TASK PROMPT - Of the lines in the data below, write out exactly those from the one holding "Taiyuan მობილური მონაცემთა ცენტრის პროექტი" through the one holding "Kodak DX6490 ZOOM", both included.

SUPPLIED INFORMATION -
-------------------------
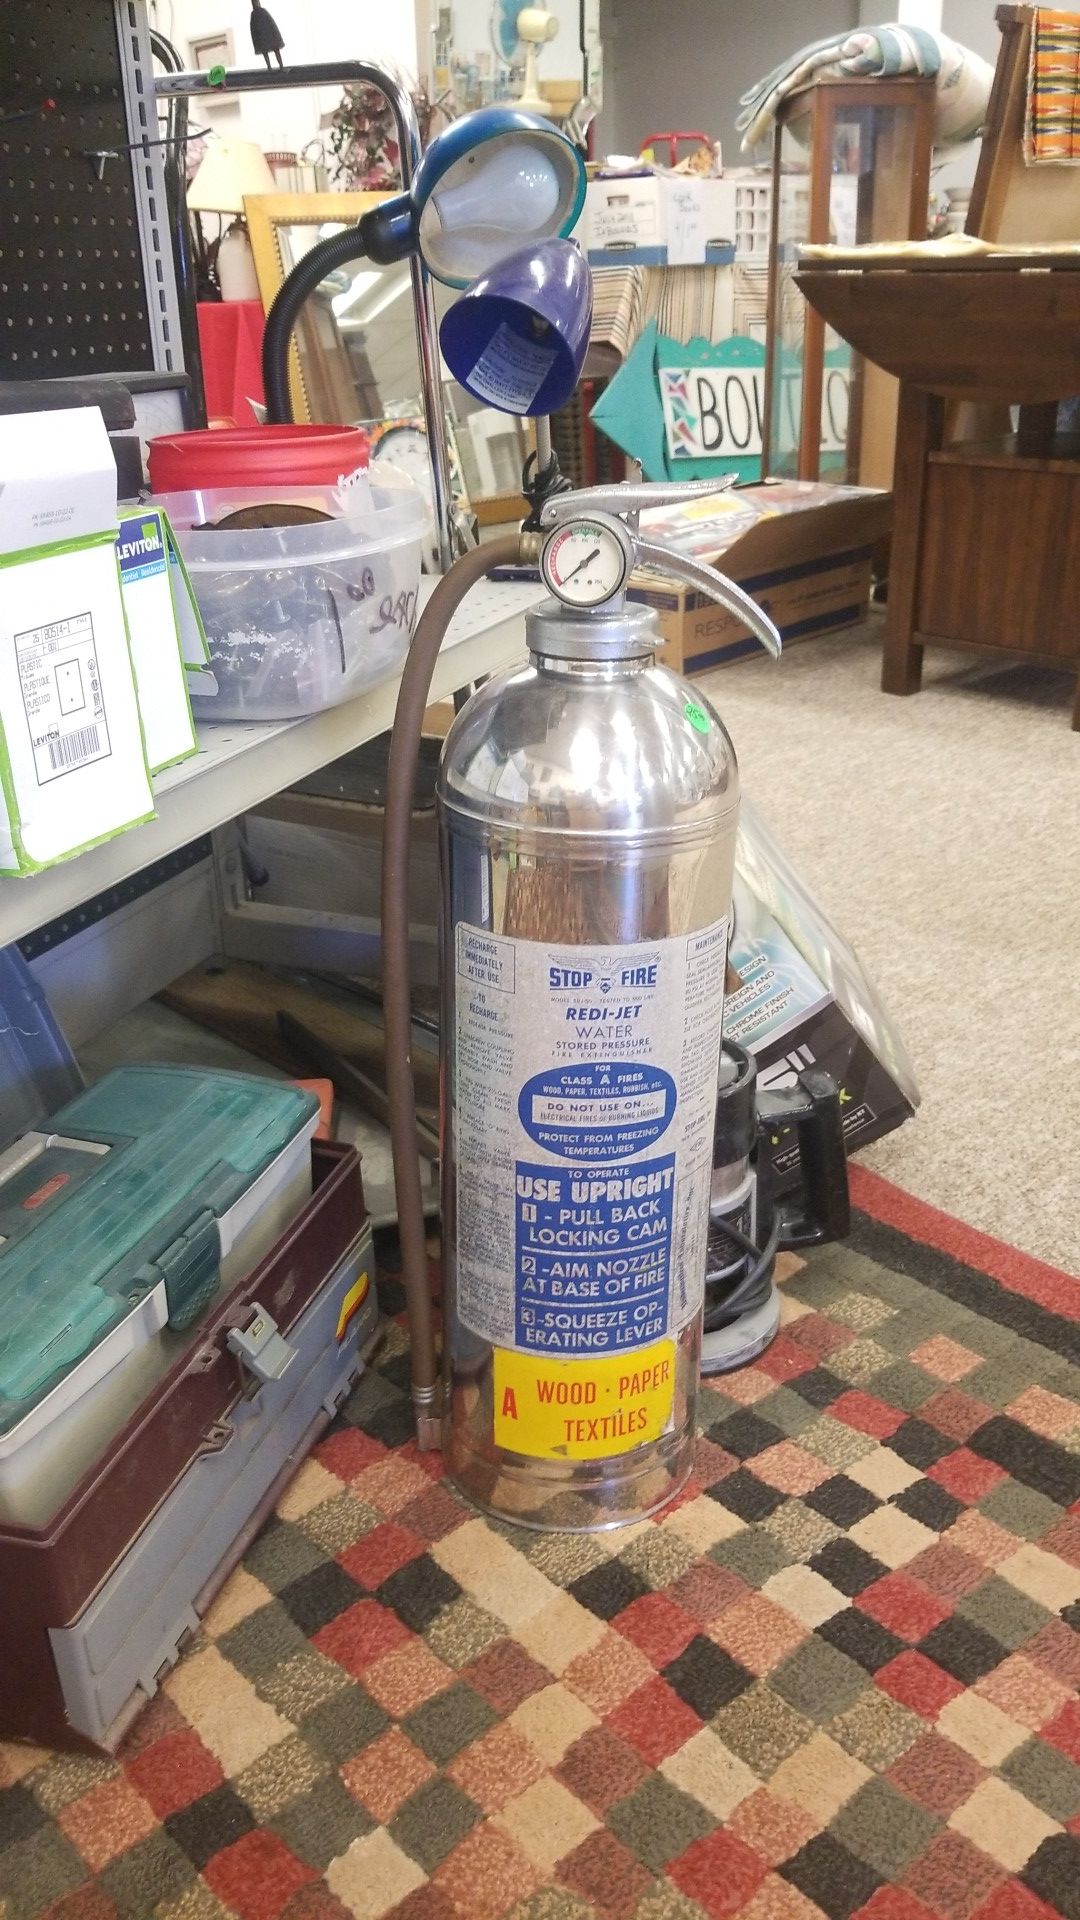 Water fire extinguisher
-------------------------
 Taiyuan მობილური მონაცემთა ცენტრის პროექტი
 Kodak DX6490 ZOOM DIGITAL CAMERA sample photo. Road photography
-------------------------
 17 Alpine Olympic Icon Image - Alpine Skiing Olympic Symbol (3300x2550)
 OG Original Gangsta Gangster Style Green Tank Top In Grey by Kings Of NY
-------------------------
EXERCISE OUTPUT -
 Taiyuan მობილური მონაცემთა ცენტრის პროექტი
 Kodak DX6490 ZOOM DIGITAL CAMERA sample photo. Road photography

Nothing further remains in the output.